INFORMATION SHOWN:
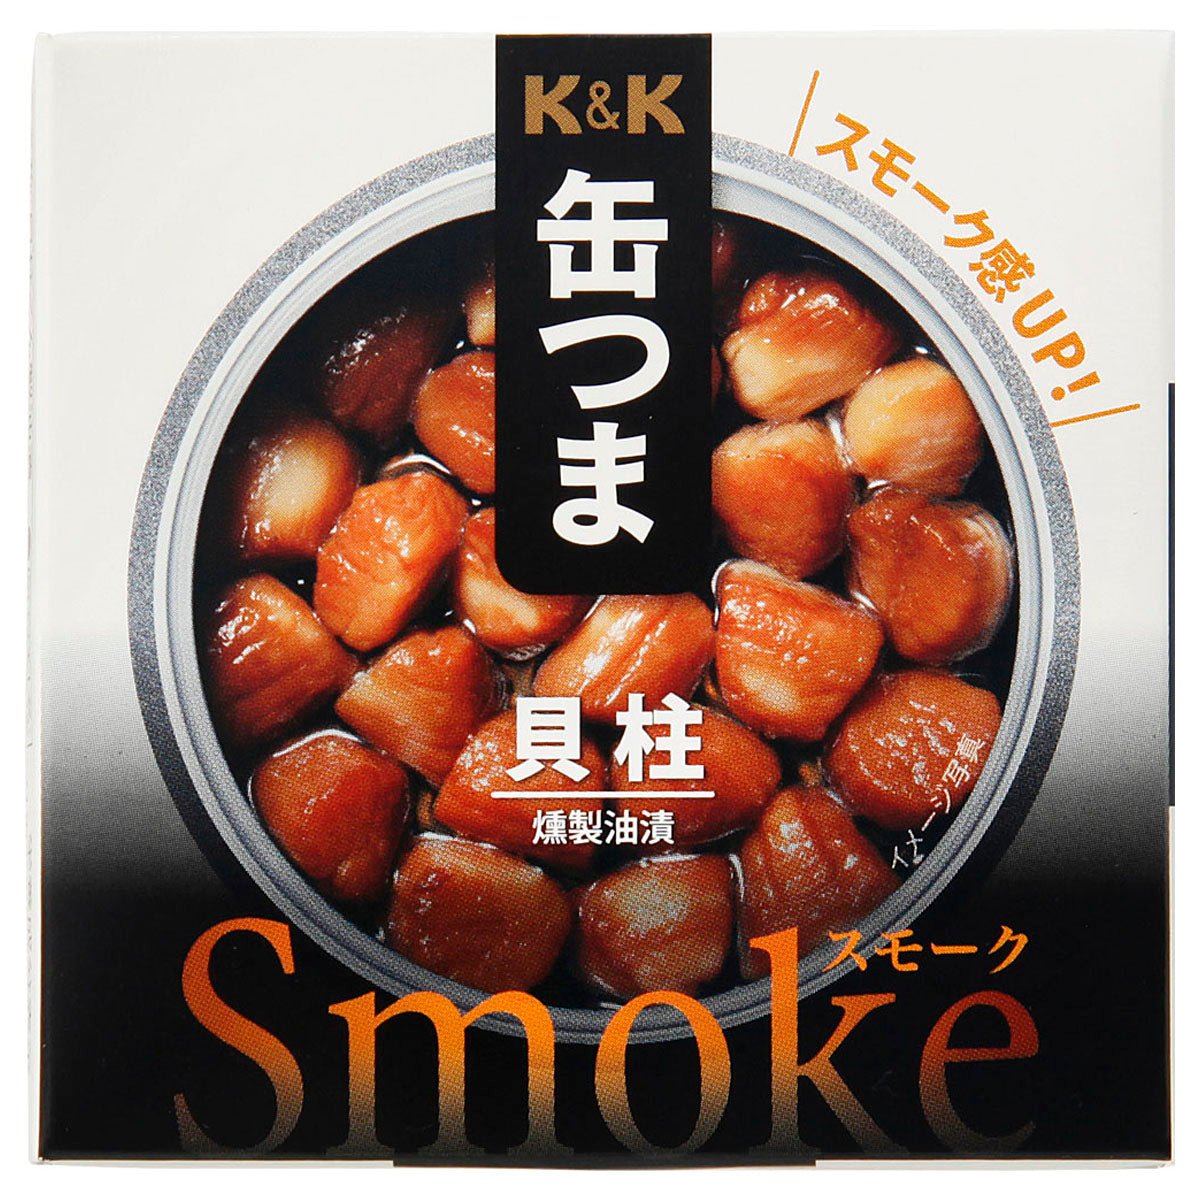 K & K는 Tsuma 연기 조개류를 할 수 있습니다
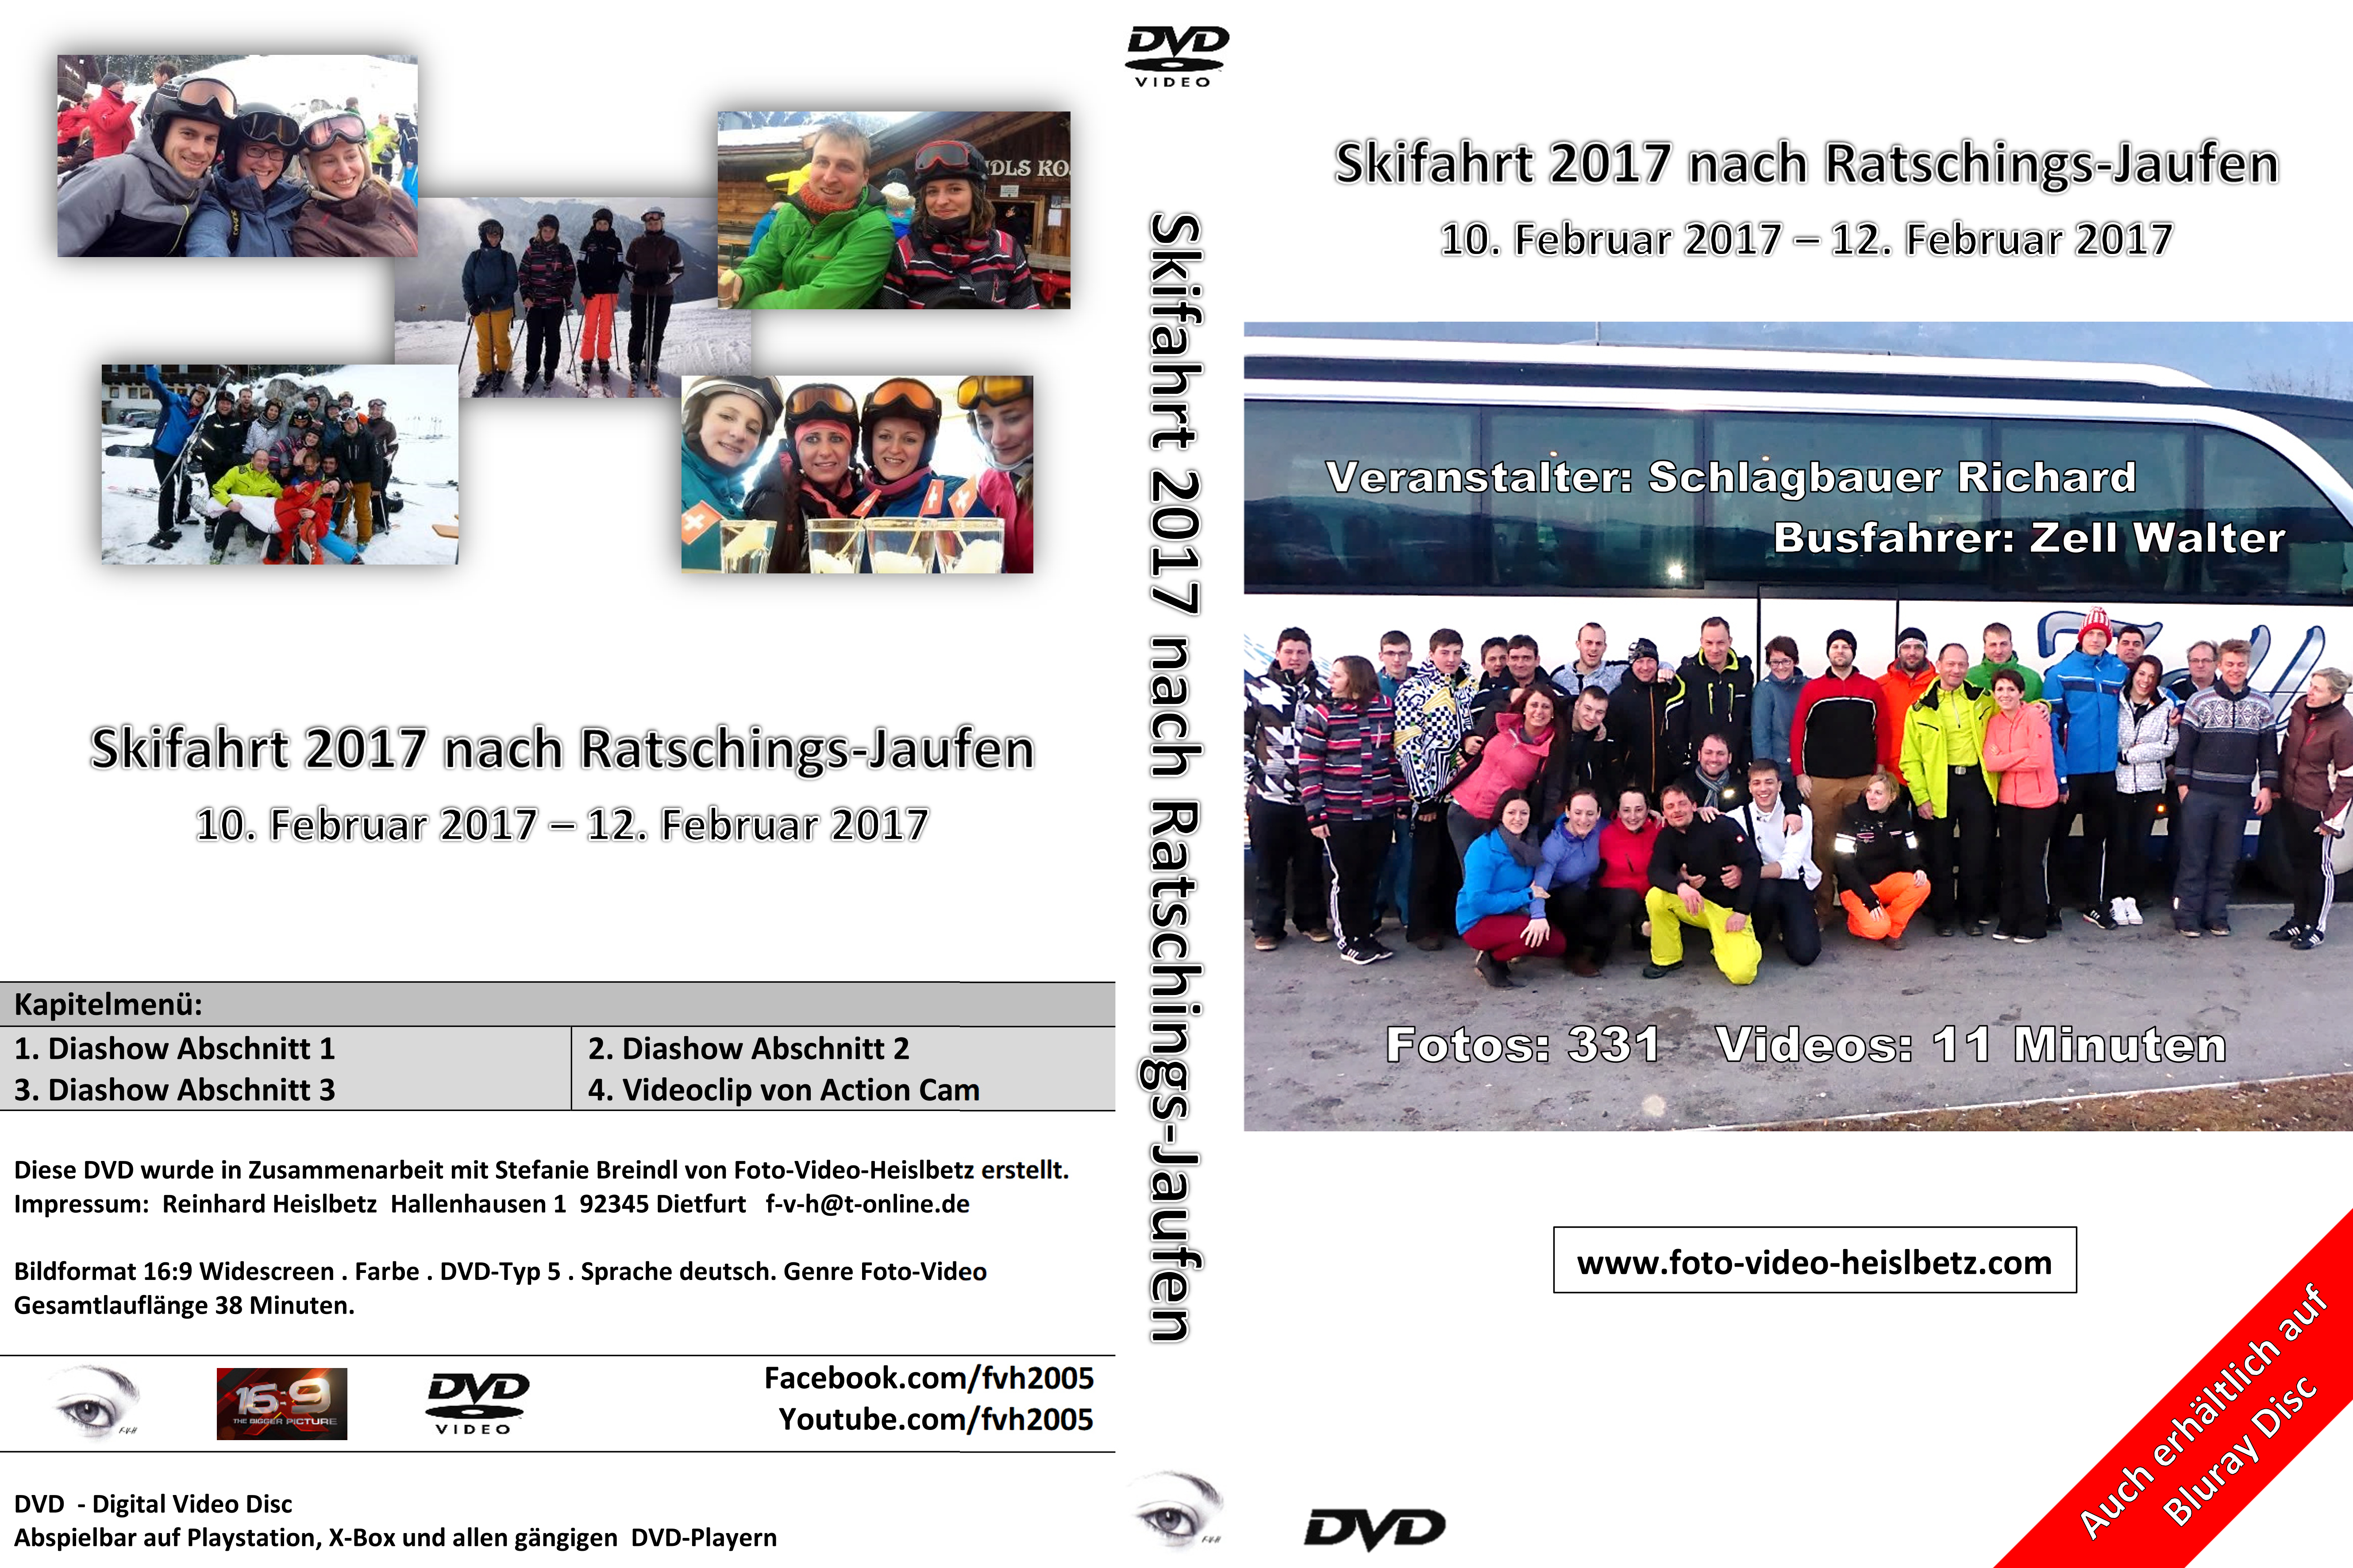 DVD 42
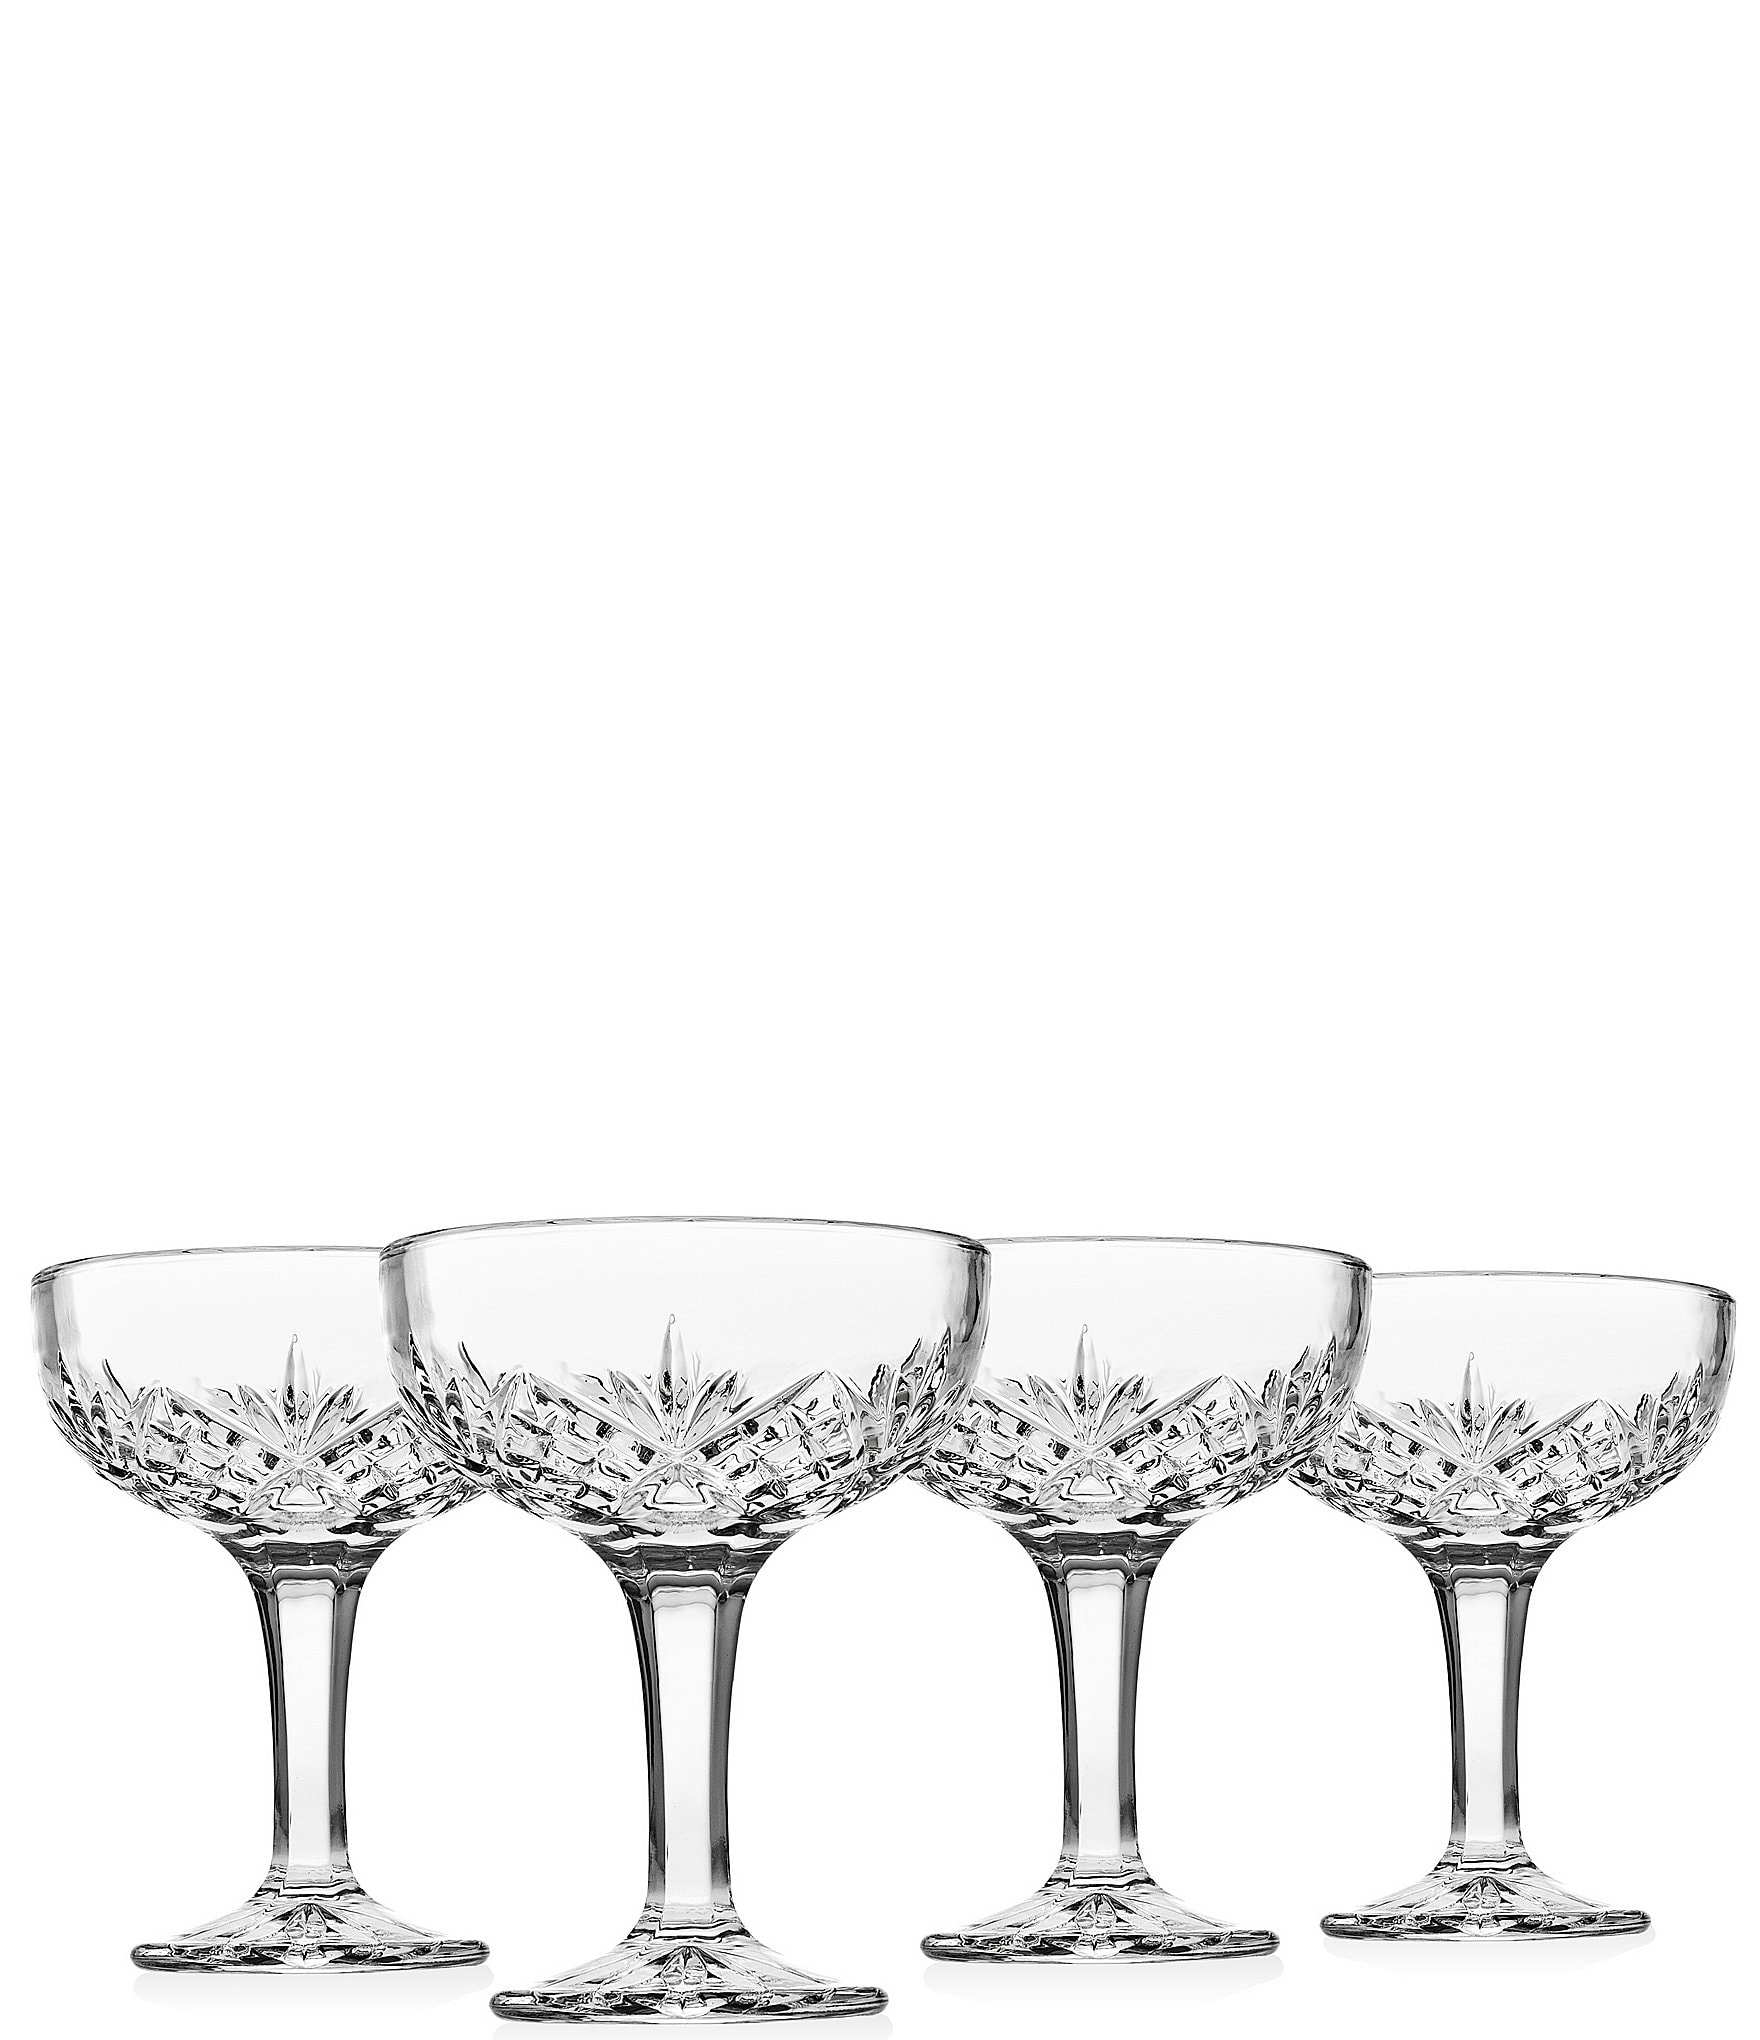 Godinger Dublin Champagne Coupe Crystal Glass Set of 4

WHAT YOU HAVE TO DO:
Word-for-word transcript, pictures excluded: copy all the material above.

EXERCISE RESPONSE:
 K & K는 Tsuma 연기 조개류를 할 수 있습니다
 DVD 42
 Godinger Dublin Champagne Coupe Crystal Glass Set of 4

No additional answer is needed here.